Supportende von Core 1 im Juni 2027
Ab Juni 2027 werden für Core 1 keine Updates mehr bereitgestellt. Dies betrifft Fehlerkorrekturen sowie Sicherheits- und Funktionsupdates. Wir empfehlen daher allen Nutzern, frühzeitig auf Core 2 umzusteigen. Alle aktuell unterstützten Server sind mit Core 2 kompatibel und können kostenlos aktualisiert werden. Für den Wechsel ist eine Neuinstallation erforderlich. Die Installation muss durch einen Integrator durchgeführt werden.
Die Aktualisierung dauert bei den meisten Servern weniger als eine Stunde. Die tatsächliche Dauer hängt von der Hardware, der Serverauslastung und der installierten Software ab. Projekte und Einstellungen können vor der Installation exportiert und anschliessend wieder importiert werden.
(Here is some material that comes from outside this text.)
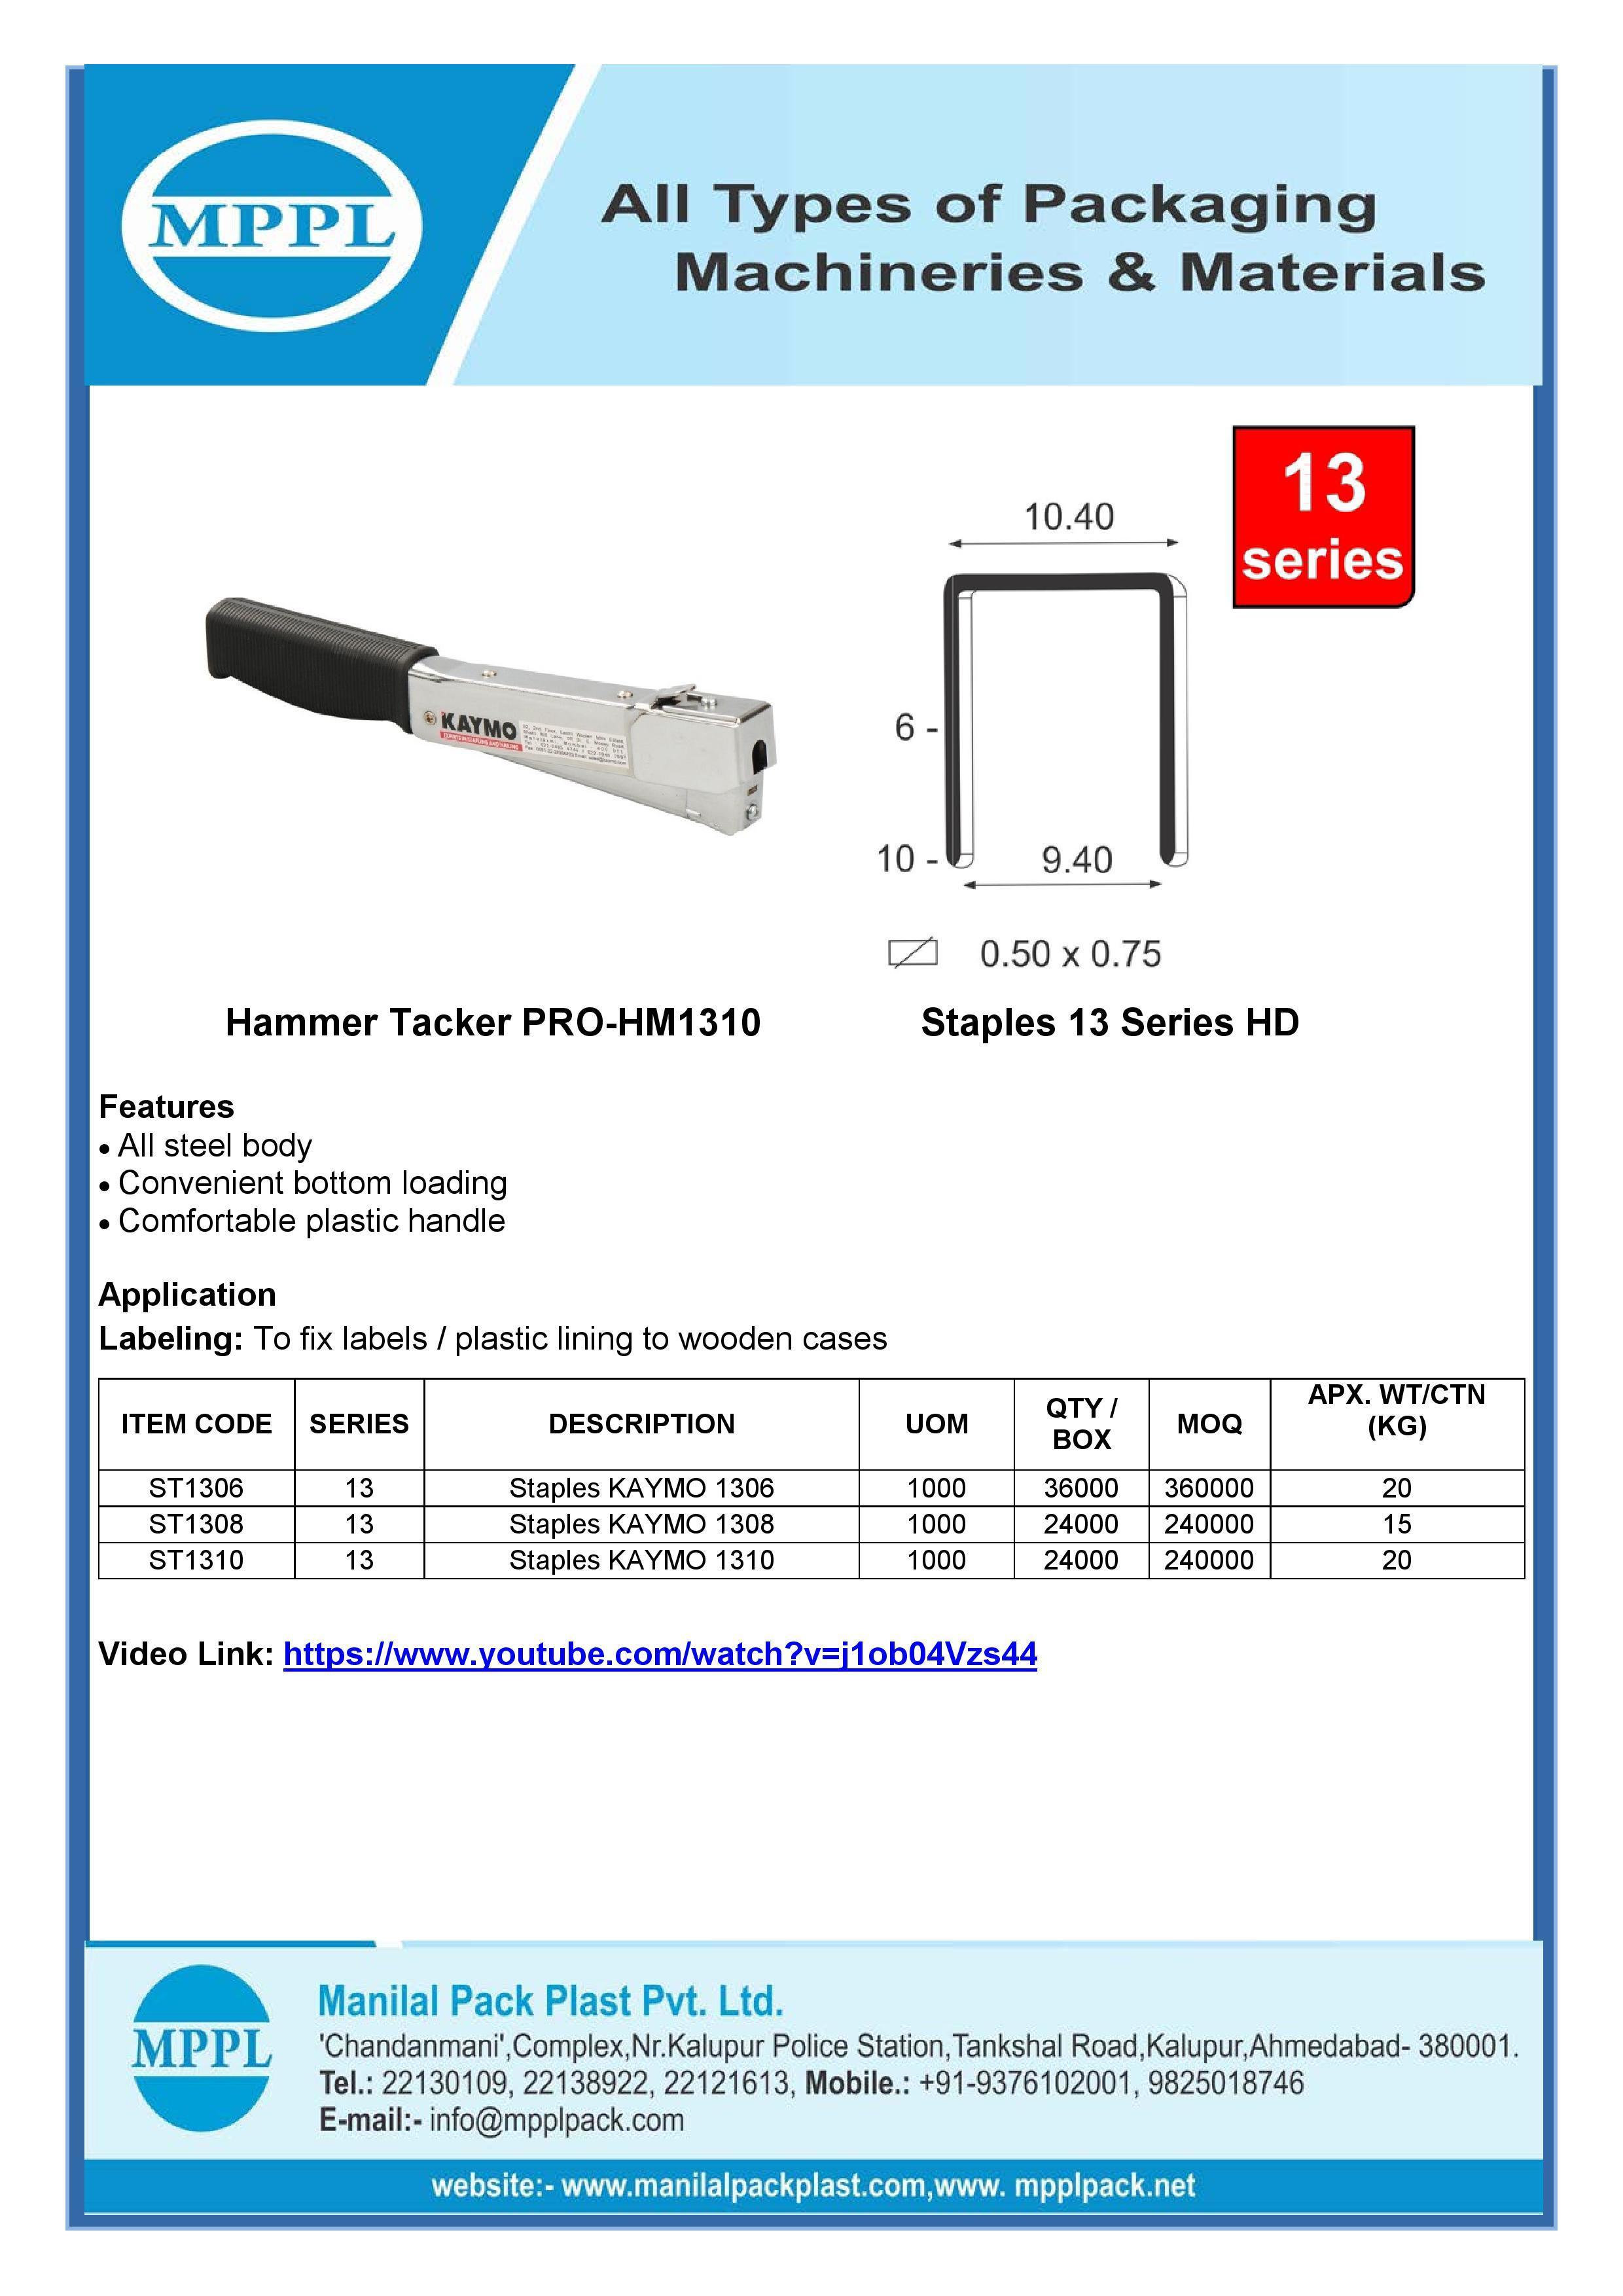 Hammer Tacker PRO-HM1310

Core 2 bietet eine moderne Systembasis, langfristige Unterstützung sowie zahlreiche Verbesserungen in den Bereichen Stabilität, Sicherheit und Leistung. Mit einem frühzeitigen Umstieg stellen Sie sicher, dass Ihr Server auch nach dem Supportende von Core 1 weiterhin auf dem aktuellen Stand bleibt.
Eine detaillierte Anleitung zur Installation finden Sie in der Hilfe im Kapitel «Core installieren».